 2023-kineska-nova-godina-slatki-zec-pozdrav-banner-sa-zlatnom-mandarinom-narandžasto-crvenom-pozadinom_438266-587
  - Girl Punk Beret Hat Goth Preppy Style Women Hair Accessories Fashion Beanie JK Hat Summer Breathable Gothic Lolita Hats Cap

........

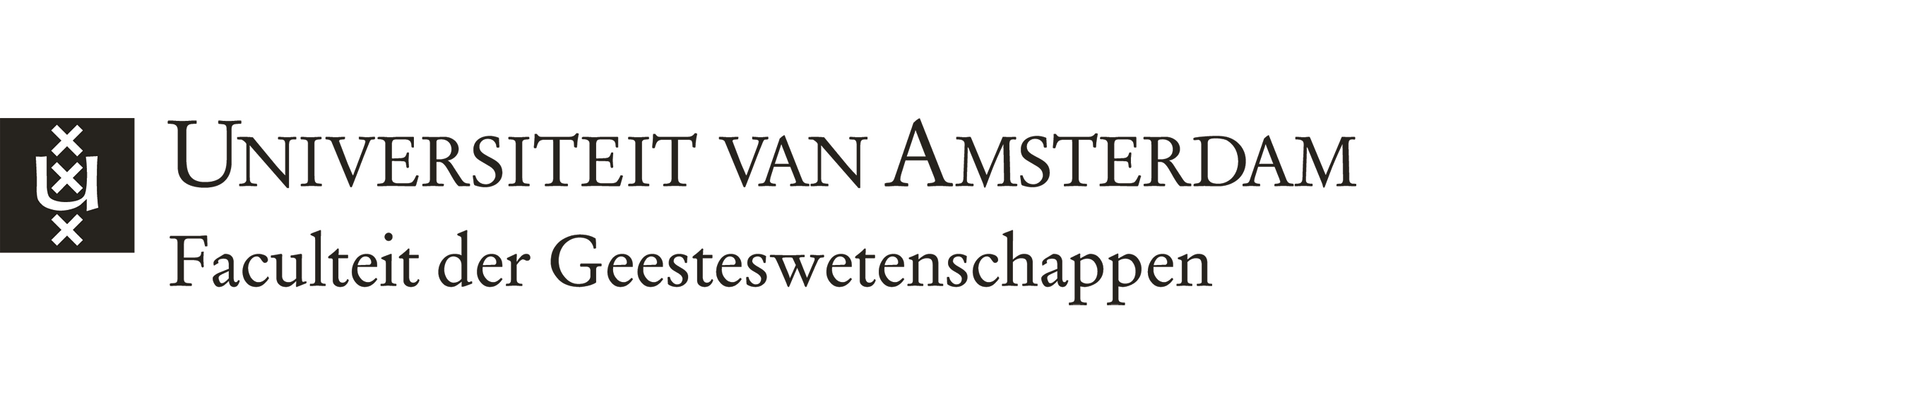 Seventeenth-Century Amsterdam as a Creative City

........

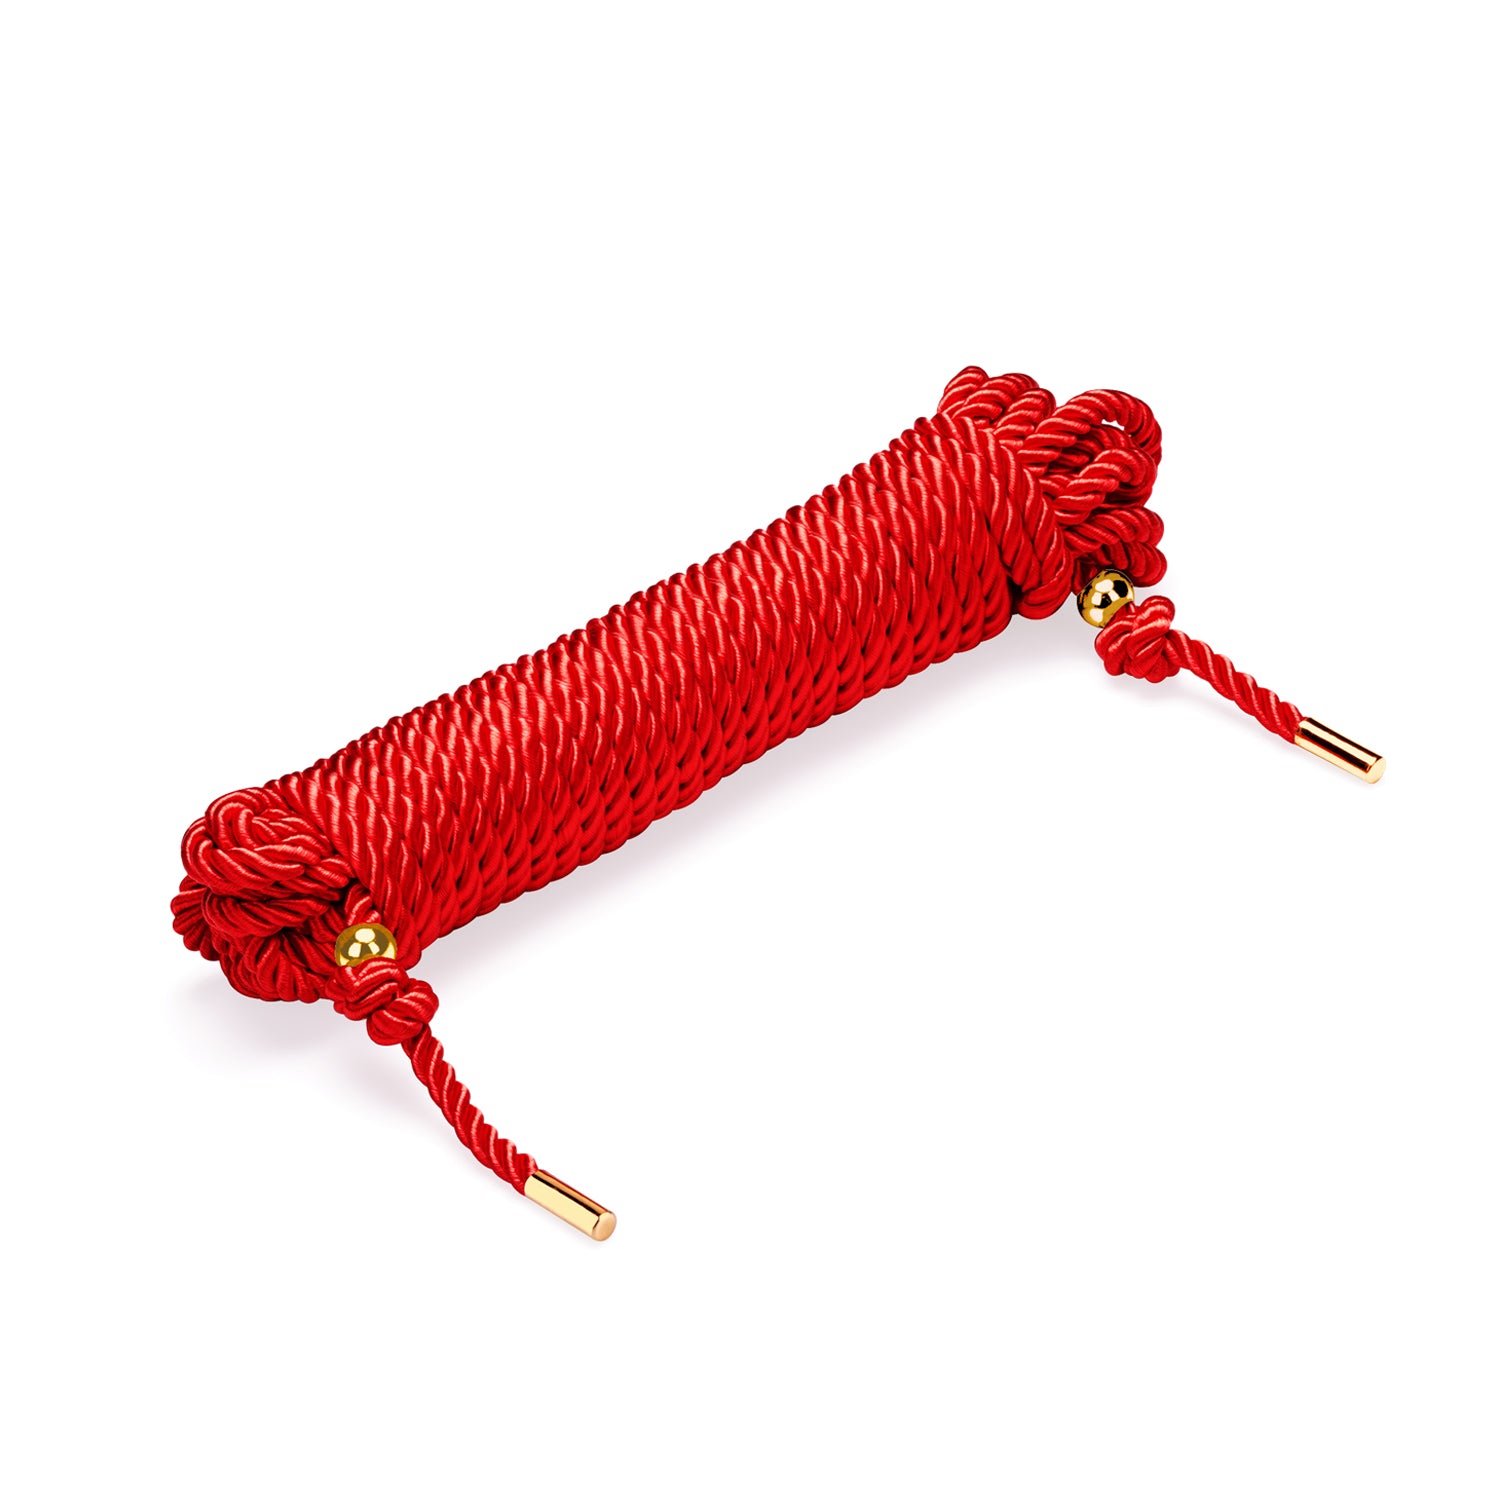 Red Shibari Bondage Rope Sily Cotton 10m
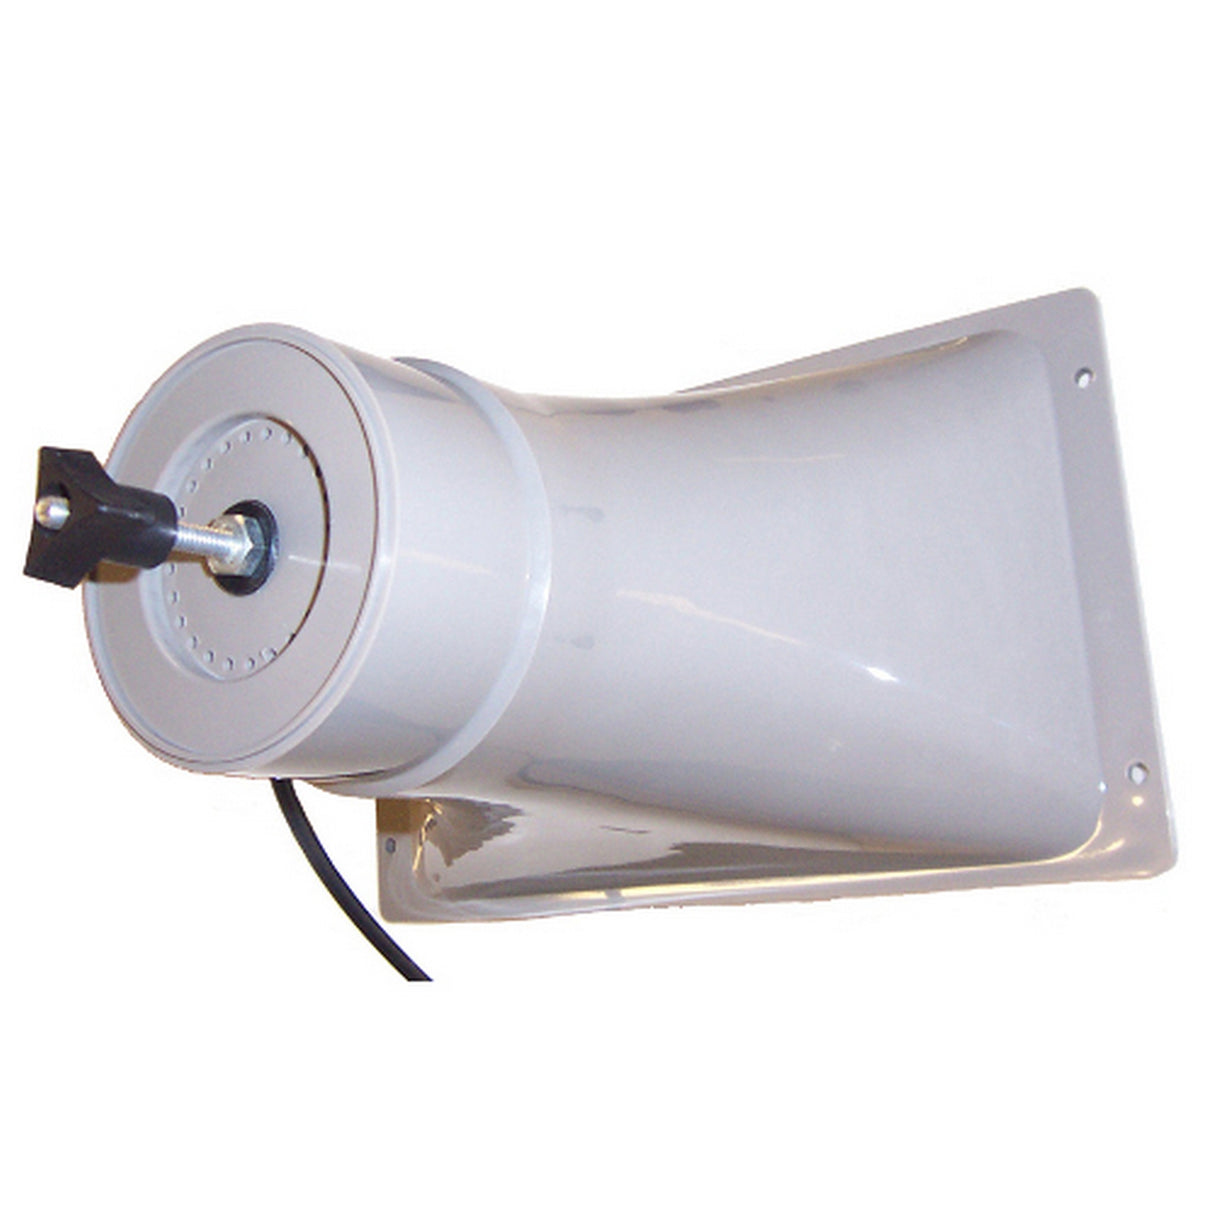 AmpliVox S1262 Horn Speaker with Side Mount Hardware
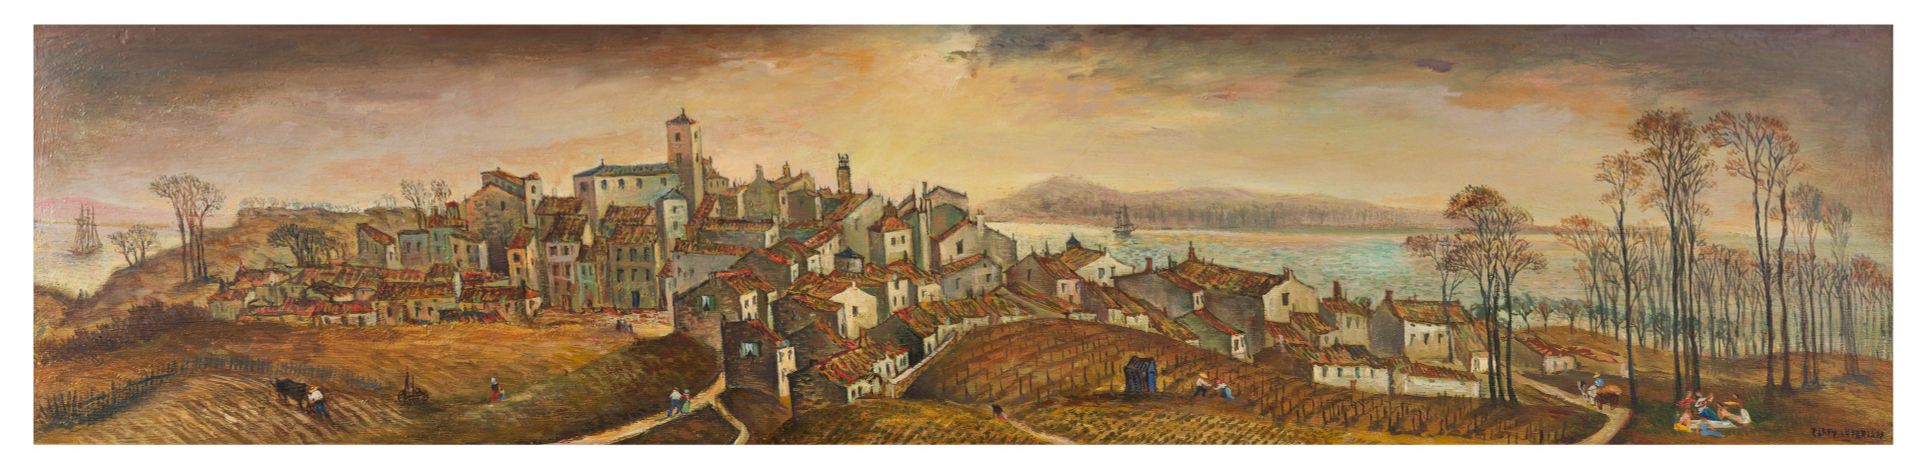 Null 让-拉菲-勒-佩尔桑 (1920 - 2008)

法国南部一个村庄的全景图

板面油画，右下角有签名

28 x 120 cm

........

◆ TASK DESCRIPTION
Set down, unchanged, only those lines above that fall between the line with "2023-kineska-n" and the line with "- Girl Punk", the two end lines included.

◆ WRITTEN SOLUTION
 2023-kineska-nova-godina-slatki-zec-pozdrav-banner-sa-zlatnom-mandarinom-narandžasto-crvenom-pozadinom_438266-587
  - Girl Punk Beret Hat Goth Preppy Style Women Hair Accessories Fashion Beanie JK Hat Summer Breathable Gothic Lolita Hats Cap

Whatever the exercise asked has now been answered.